Operators Ramping Drilling, Eyeing Acquisition Targets In Red-Hot Tight Oil Plays

By Danny Boyd, Special Correspondent

HOUSTON–One short decade ago, the Permian Basin was producing less than 1 million barrels of oil and 5 billion cubic feet of natural gas a day. In June, daily output is forecast to hit all-time records of more than 5 MMbbl/d of oil and 20 Bcf/d of gas, according to U.S. Energy Information Administration models.

If those projections hold true, it means daily production will have jumped by 260,000 barrels of oil and nearly 500 MMcf over the first six months of 2022. In other words, the “amazing basin” added some 1,445 barrels of oil and 2.8 Mcf of gas every 24 hours on average!

Simply incredible.

But while production is trending sharply higher, consider another eye-grabbing statistic from EIA: The number of drilled but uncompleted wells has fallen each consecutive month for going on two full years. By the end of April, the inventory of drilled but uncompleted wells in U.S. shale basins had dwindled to 4,223–the lowest level since EIA began tracking the data in 2013.

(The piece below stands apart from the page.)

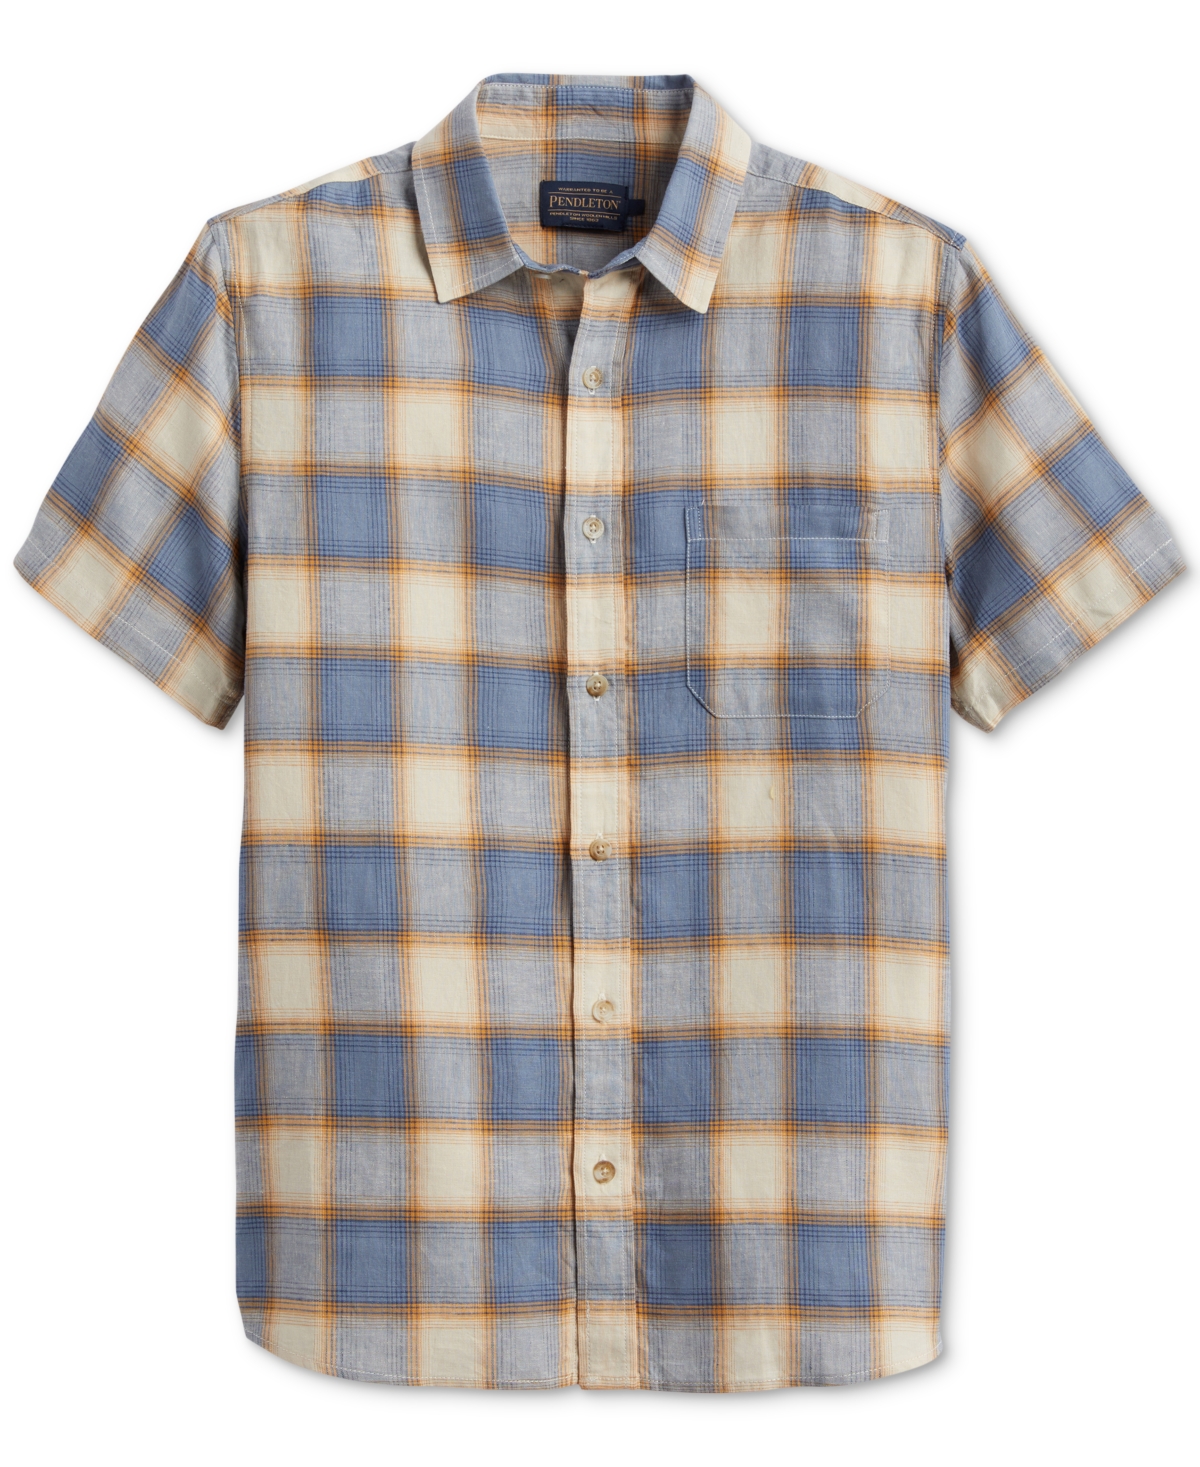 Men's Dawson Plaid Short Sleeve Button-Front Shirt - Adobe, Tan, Blue Plaid
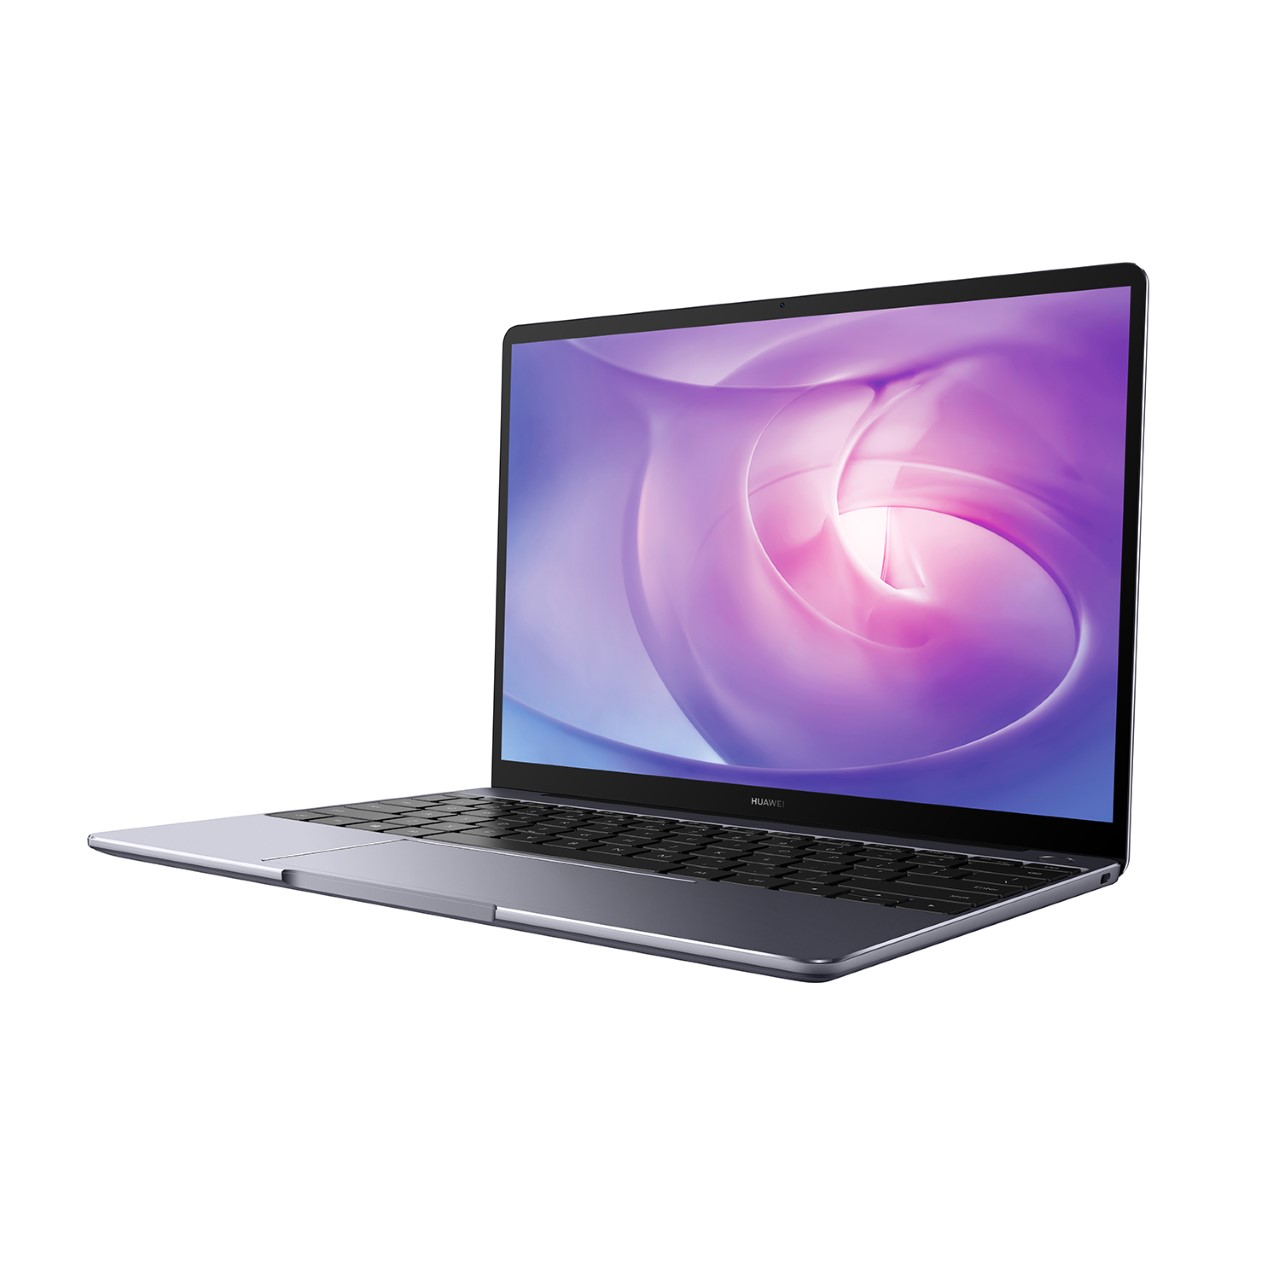 حاسوب HUAWEI MateBook 13 يأتي مزوداً بأربع مزايا ذكية وأنيقة من أجل حياة رقمية أكثر اتصالاً وكفاءة

To put that into perspective, the total DUCs in all shale basins in April was only a little more than the number of DUCs in the Permian alone in April 2019. As May began, EIA counted 1,256 DUCs in the Permian–down more than 50% from the same time last year and down 70% from three years prior.

How many of those remaining wells are completable is open to debate, but it’s crystal clear that production growth increasingly is coming from the drill bit. And that suits operators in the basin just fine.

Buttressed by consistently higher oil and gas prices and a veritable wonderland of reserves capture opportunities, the Permian’s vast upside potential is opening plenty of running room for both public and private players.

The majors are raising budgets and large independents are adding acreage, but the small-cap players and private companies continue to lead the drilling charge. As they ramp drilling programs, they are expanding acreage positions and seeking ways to do creative deals that let new and proven investors alike in on the action.

Gaining Scale

After adding assets and growing production by more than 400% since 2020, Earthstone Energy Inc. continues to search for attractive acquisition targets and take advantage of tried-and-true techniques to make the most of assets in the northern Delaware Basin and southern Midland Basin, says Chief Executive Officer Robert Anderson.

On board with Executive Chairman Frank A. Lodzinski and others since a 2014 reverse merger with Oak Valley Resources LLC, Anderson explains that The Woodlands, Tx.-based public company entered the Midland Basin with acquisitions in 2016-17 and continued to search for ways to gain scale in the Permian and appeal to more investors.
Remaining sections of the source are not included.